Verkabelt wird der Bus normalerweise von Teilnehmer zu Teilnehmer.
Die Teilnehmer, die einen Sub-D Stecker besitzen, müssen mit 2 Kabeln angefahren werden, also Lötschwierigkeiten.
Frage: Darf man z.B. im Schaltschrank eine Zentrale Klemmleiste installieren und jeden Teilnehmer im Can Bus System einzeln anfahren (also Sternförmig)?

mfg


----------



## Günni1977 (11 August 2009)

http://de.wikipedia.org/wiki/Controller_Area_Network


----------



## denbelg (11 August 2009)

*Schneider-Electric CAN TAP*

Schneider-Electric verkauft ein CAN-TAP mit 4 DB9 schnittstellen...

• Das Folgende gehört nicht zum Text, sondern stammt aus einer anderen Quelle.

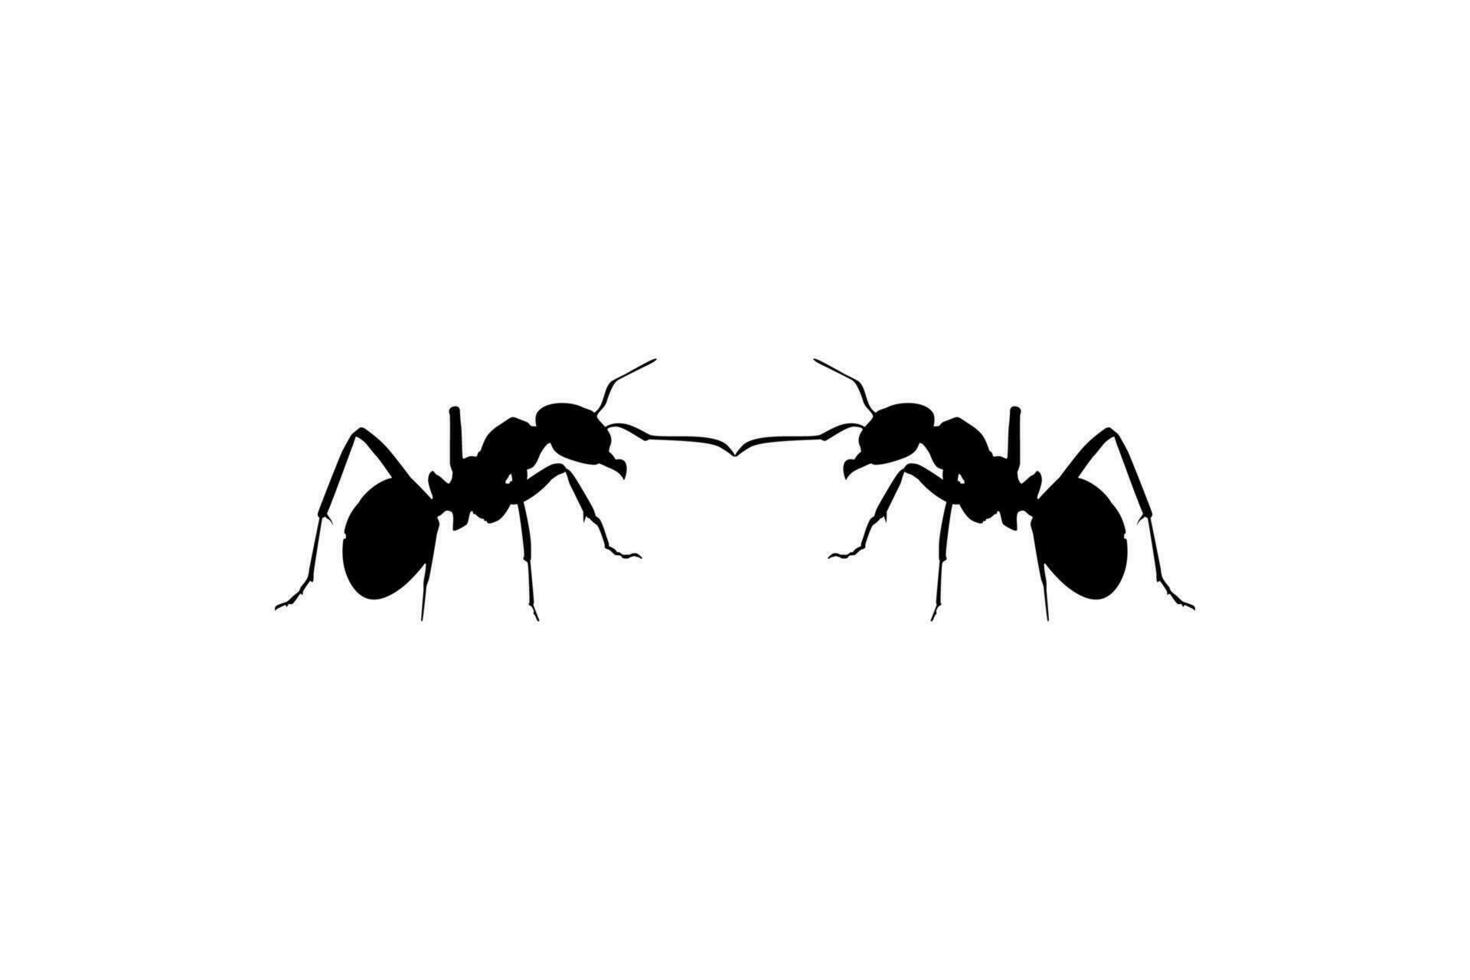 par de el hormiga silueta para Arte ilustración, logo, pictograma, sitio web, o gráfico diseño elemento. vector ilustración

(ref TSX CAN TDM4) und auch standard Can Kabeln DB9-->DB9

MFG

Denbelg  

http://www.schneider-electric.com

Dokument 35010857  Can Open Hardware Setup Manual


----------



## Mobi (16 August 2009)

Wieso denn Lötschwierigkeiten?


----------



## NochEinProgrammierer (17 August 2009)

Wer nicht löten kann oder will nimmt eben Busstecker mit CageClamp-Anschluß von z.B. Wago oder Schraubanschluß z.B. Phoenix Contact.


----------



## Mobi (17 August 2009)

Oder wenn du M12-Anschluss, nehm dann unsere (Phoenix Contact) M12-Stecker bzw. Leitungen.


----------



## Gnu0815 (18 August 2009)

Tach,

wir haben ständig diese Probleme. Es gibt leider Hersteller die tatsächlich nur 1 D-Sub stecker für den CAN Anschluss zur Verfügung stellen. Hier hat man tatsächlich nur die Möglichkeit mit 2 Adern auf 1nen Pin zu gehen um eine hin- und rücklaufende Leitung zu realisieren. Bei 2 D-Sub ist die Sache easy, ... einfach die ankommende Leitung auf den ersten D-Sub und die weiterführende auf den 2ten D-Sub. 

Bei Klemmen ist das so eine Sache. Einige Hersteller meinen eine 0,5² würde ja locker reichen. Dumm nur wenn man mit 0,75² ankommt und dann noch 2 von den Dingern in die Klemme stopfen muss damit man keine Stichleitung konstruiert.

.... manchmal echt zum verzweifeln ...

Gruß


----------